Compounding this perilous situation are rising losses in public sector enterprises that are draining government resources. Fiscal decentralisation under the new revenue sharing formula, without reciprocal provincial commitments to generate resources or restrain spending, has also intensified strains on the overall budgetary position. On top of this, the government’s fiscal laxity in the run up to elections is sapping public finances. The increase in the support price of wheat announced last week is an obvious attempt to woo the rural vote. Meanwhile the country’s external account is close to the tipping point. Exports are stagnating and foreign direct investment has plunged to a record low. Large external debt service payments, including to the IMF, have been steadily depleting the country’s foreign exchange reserves. This has put pressure on the rupee with its value sinking to a record low against the dollar.

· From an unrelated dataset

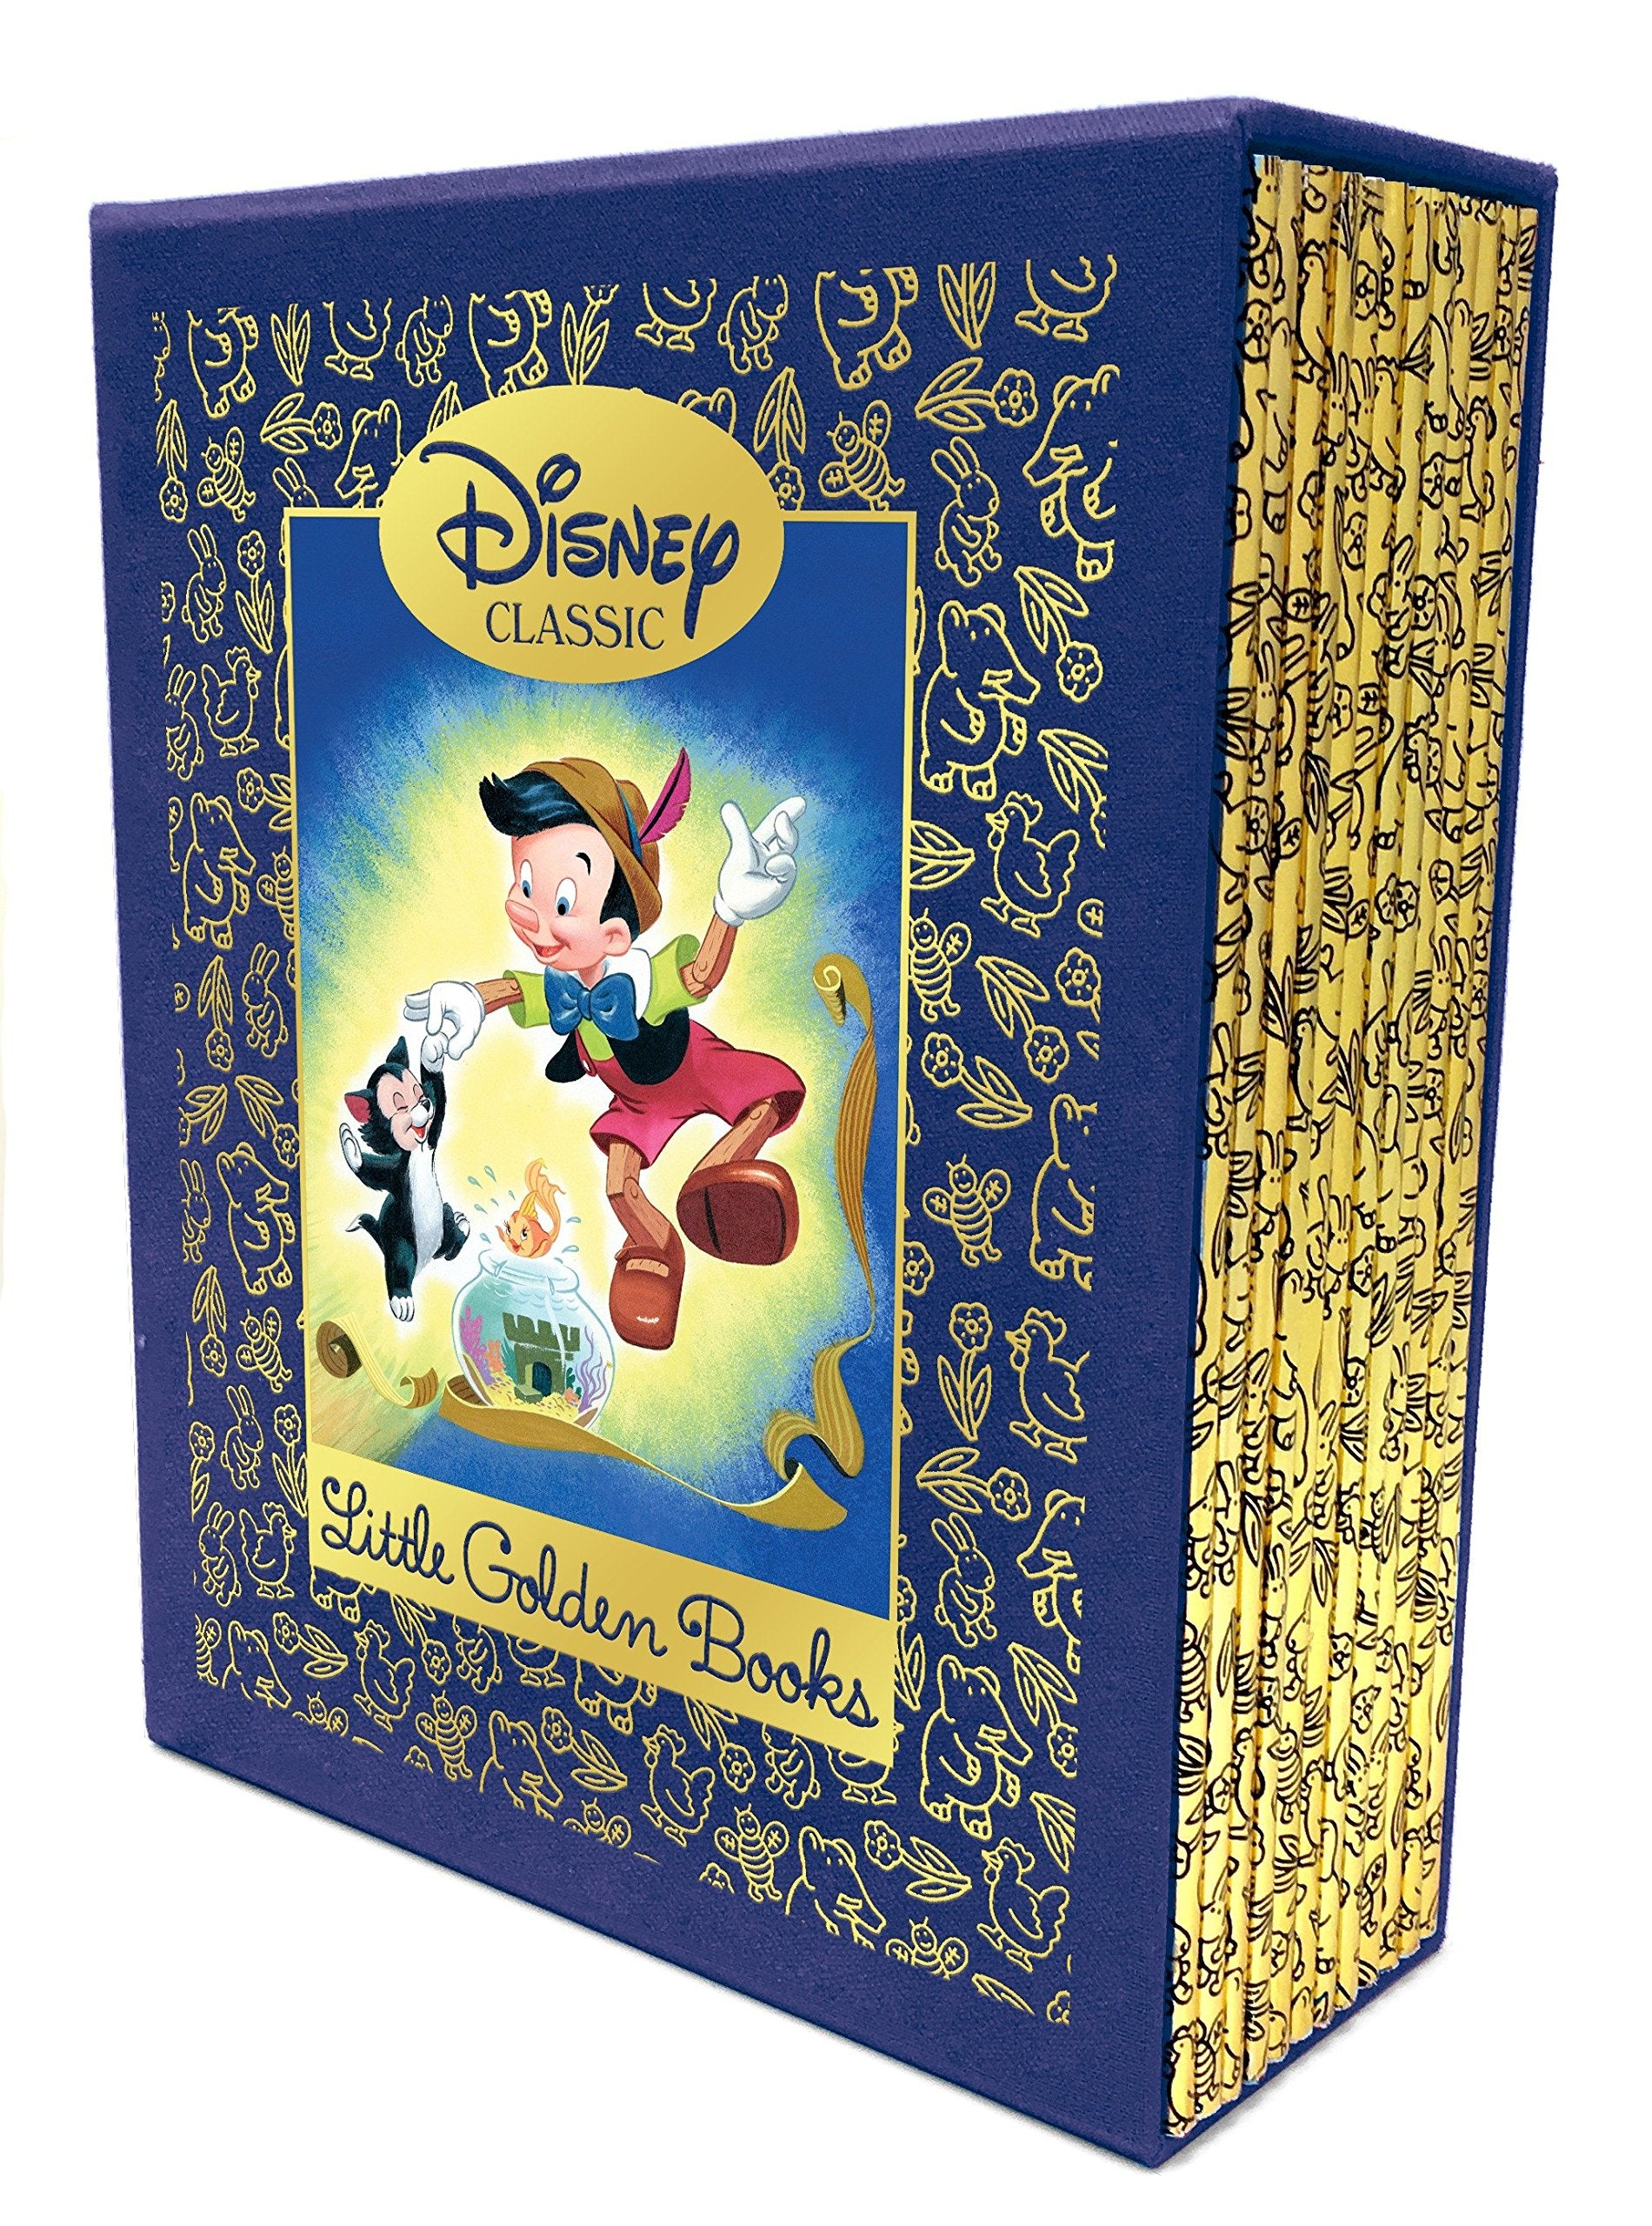 12 Beloved Disney Classic Little Golden Books (Disney Classic) by Various

Referring to Pakistan’s weakening external position, a visiting IMF delegation in October called for “decisive” action to address what it called a “challenging outlook”. A Fund staff report issued earlier this year was more explicit. It said that the government’s policy mix was “leading the economy down an unsustainable and risky path.” And it warned that Pakistan could face sizeable financing gaps as the international reserve cushion began to erode due to the widening current account deficit and repayments to the IMF.
That moment of vulnerability is approaching. The country’s economy has little resilience to withstand a shock from any adverse international or domestic development. Even without such a shock a dire outcome appears likely. With foreign capital inflows drying up and external liabilities looming, Pakistan is on the brink of a situation where it would be unable to meet its financing requirements despite strong overseas remittances. Repayments of $605 million are due to the IMF this month and $704 million in January-February.